First, we can research them according to London boroughs / districts. It is interesting to note that while West London (Notting hill, Kensington, Chelsea, Marylebone) and North West London (Hampstead) can be considered very profitable places to buy property according to the amenities and basic amenities surrounding places such as primary schools, secondary schools, hospitals and grocery stores, South West London (Wandsworth, Balham) and North West London (Islington) are emerging as the next future elite locations with a wide range of amenities and amenities. Accordingly, it would be possible to focus on low property prices in these areas of London to make a business case.

Second, we can analyze our results according to the five clusters we have created. Despite the fact that all clusters could praise the optimal set of facilities and amenities, we found two main patterns. The first model we are talking about, i.e. clusters 0, 2 and 4, can be aimed at home buyers who tend to live in "green" areas with parks and embankments. Instead, the second model we are talking about, i.e. clusters 1 and 3, can be aimed at people who like pubs, theaters and football.

# Conclusion

To sum up, according to Bloomberg News, the London housing market is in a rut. It is currently facing a number of different headwinds, including the prospect of higher taxes and a warning from the Bank of England that the cost of housing in the UK could fall by as much as 30 percent in the event of a disorderly exit from the European Union. In this case, there is an urgent need to adopt machine learning tools to help London home buyers make wise and effective decisions. As a result, the business challenge we set for ourselves was: how could we support homebuyers clients in purchasing suitable properties in London in this uncertain economic and financial scenario?

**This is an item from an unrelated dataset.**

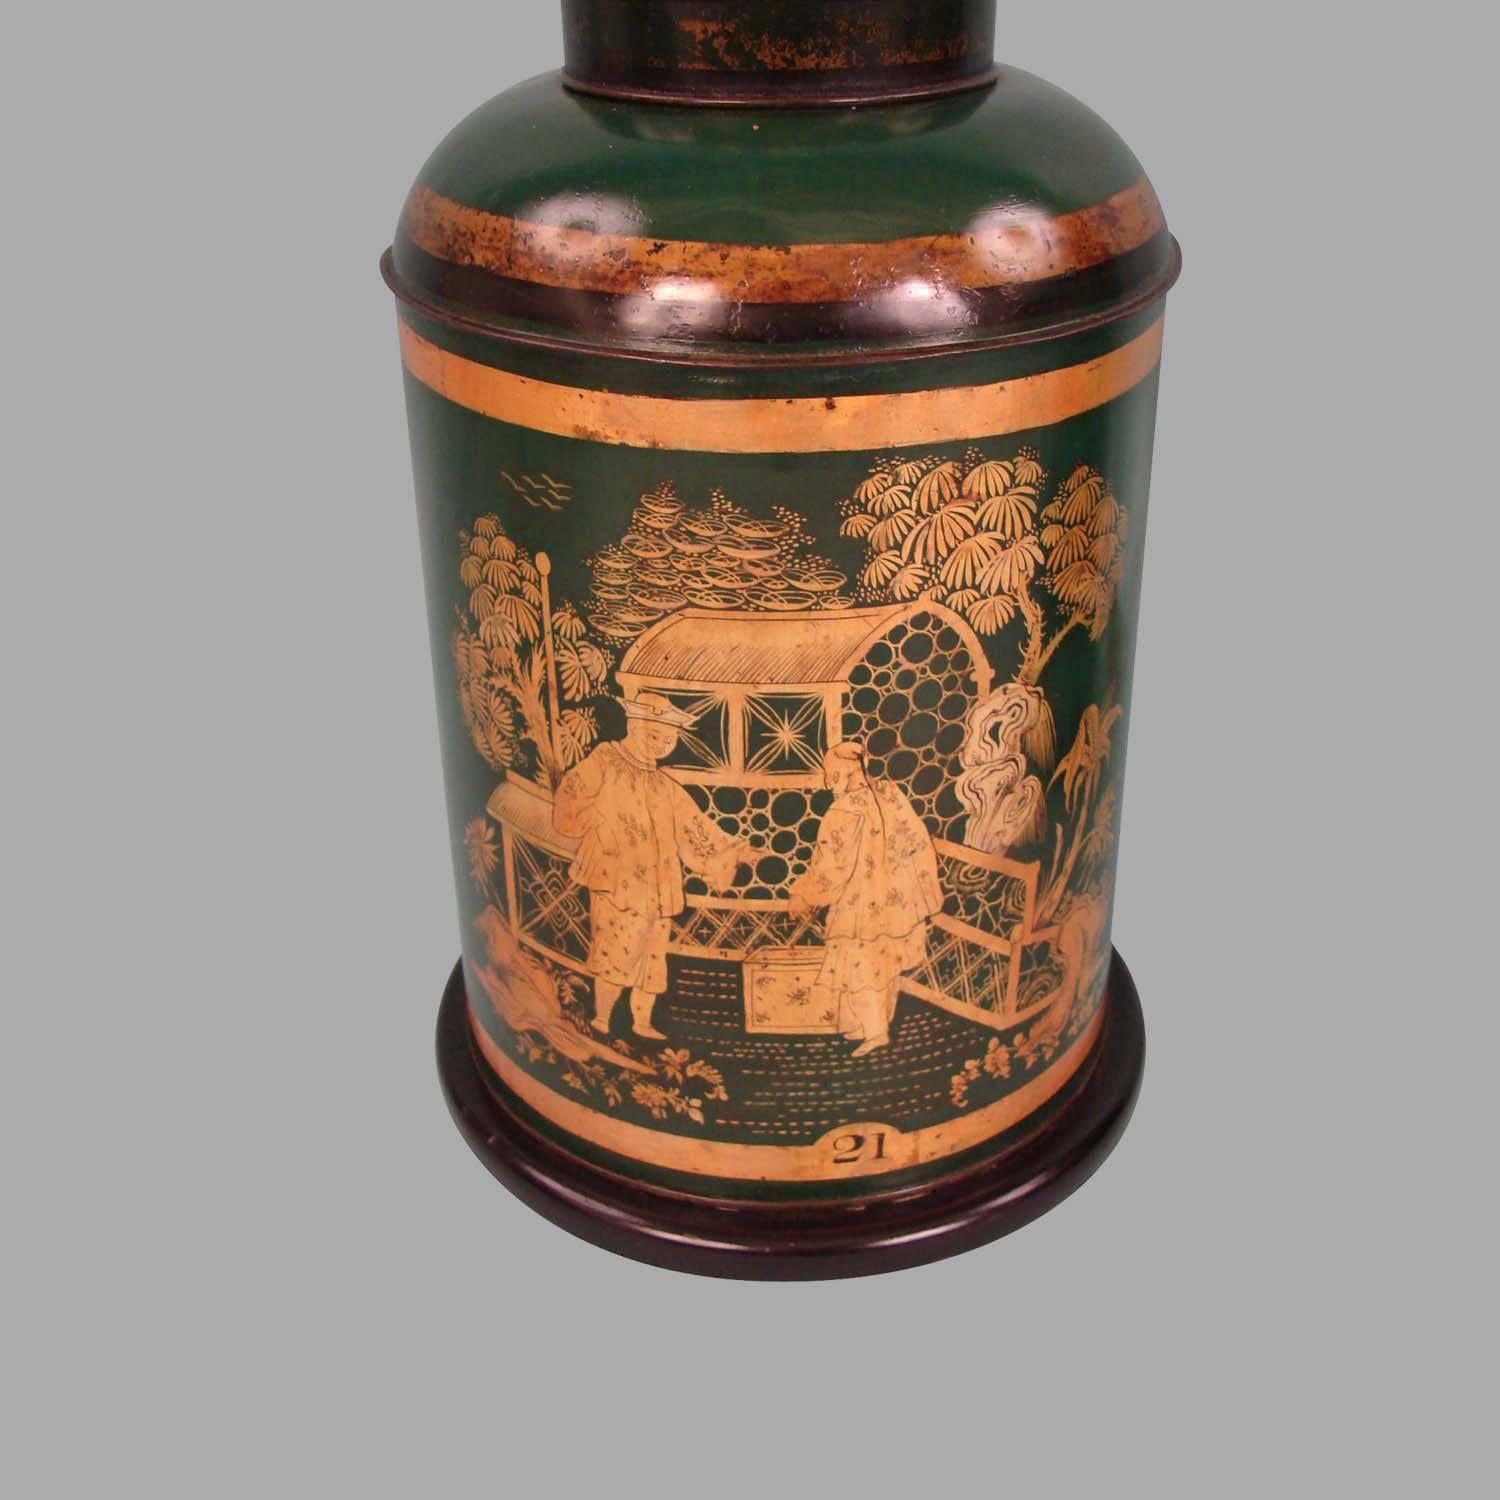 A well-decorated pair of 19th century Chinese export dark green and gold decorated tea canisters depicting figures in a garden setting, one marked 12 the other 21. Now electrified with wooden bases and fitted as lamps. Decoration refreshed.

To solve this business problem, we have grouped London boroughs to recommend locations and the current average property price where homebuyers can make property investments. We recommended favorable locations according to the amenities and basic amenities surrounding places such as elementary schools, high schools, hospitals, and grocery stores.

First, we collected data on London real estate, and the relative price data was extracted from the HM land registry (http://landregistry.data.gov.uk in addition, to explore and navigate the recommended locations in various locations depending on the availability of amenities and major facilities, we accessed the data via the Foursquare API and arranged it as a data frame for visualization. By combining data on London properties and the relative price paid from the HM land registry, as well as data on amenities and major properties surrounding such properties from the Foursquare API, we were able to recommend profitable real estate investments.

Second, the methodology section consisted of four stages: 1. collecting inspection data; 2. Researching and understanding data; 3.Preparing and pre-processing data; 4.Modeling. In particular, in the modeling section, we used the K-means clustering method, because it is fast and efficient in terms of computational costs, very flexible for accounting for mutations in the London property market, and accurate.

Finally, we concluded that while the London housing market may be in a rut, it is still "forever green" for business. We discussed our results from two main points of view. First, we looked at them according to London boroughs / districts. although West London (Notting hill, Kensington, Chelsea, Marylebone) and North-West London (Hampstead) can be considered very profitable places to buy property according to the amenities and basic amenities surrounding such places, i.e. primary schools, secondary schools, hospitals and grocery stores, South West London (Wandsworth, Balham) and North West London (Islington) are becoming the next future luxury properties with a wide range of amenities and amenities. Accordingly, it would be possible to focus on low property prices in these areas of London to make a business case. Second, we analyzed our results for the five clusters we created. While clusters 0, 2, and 4 may target home buyers who tend to live in "green" areas with parks, embankments, clusters 1 and 3 may target people who like pubs, theaters, and soccer.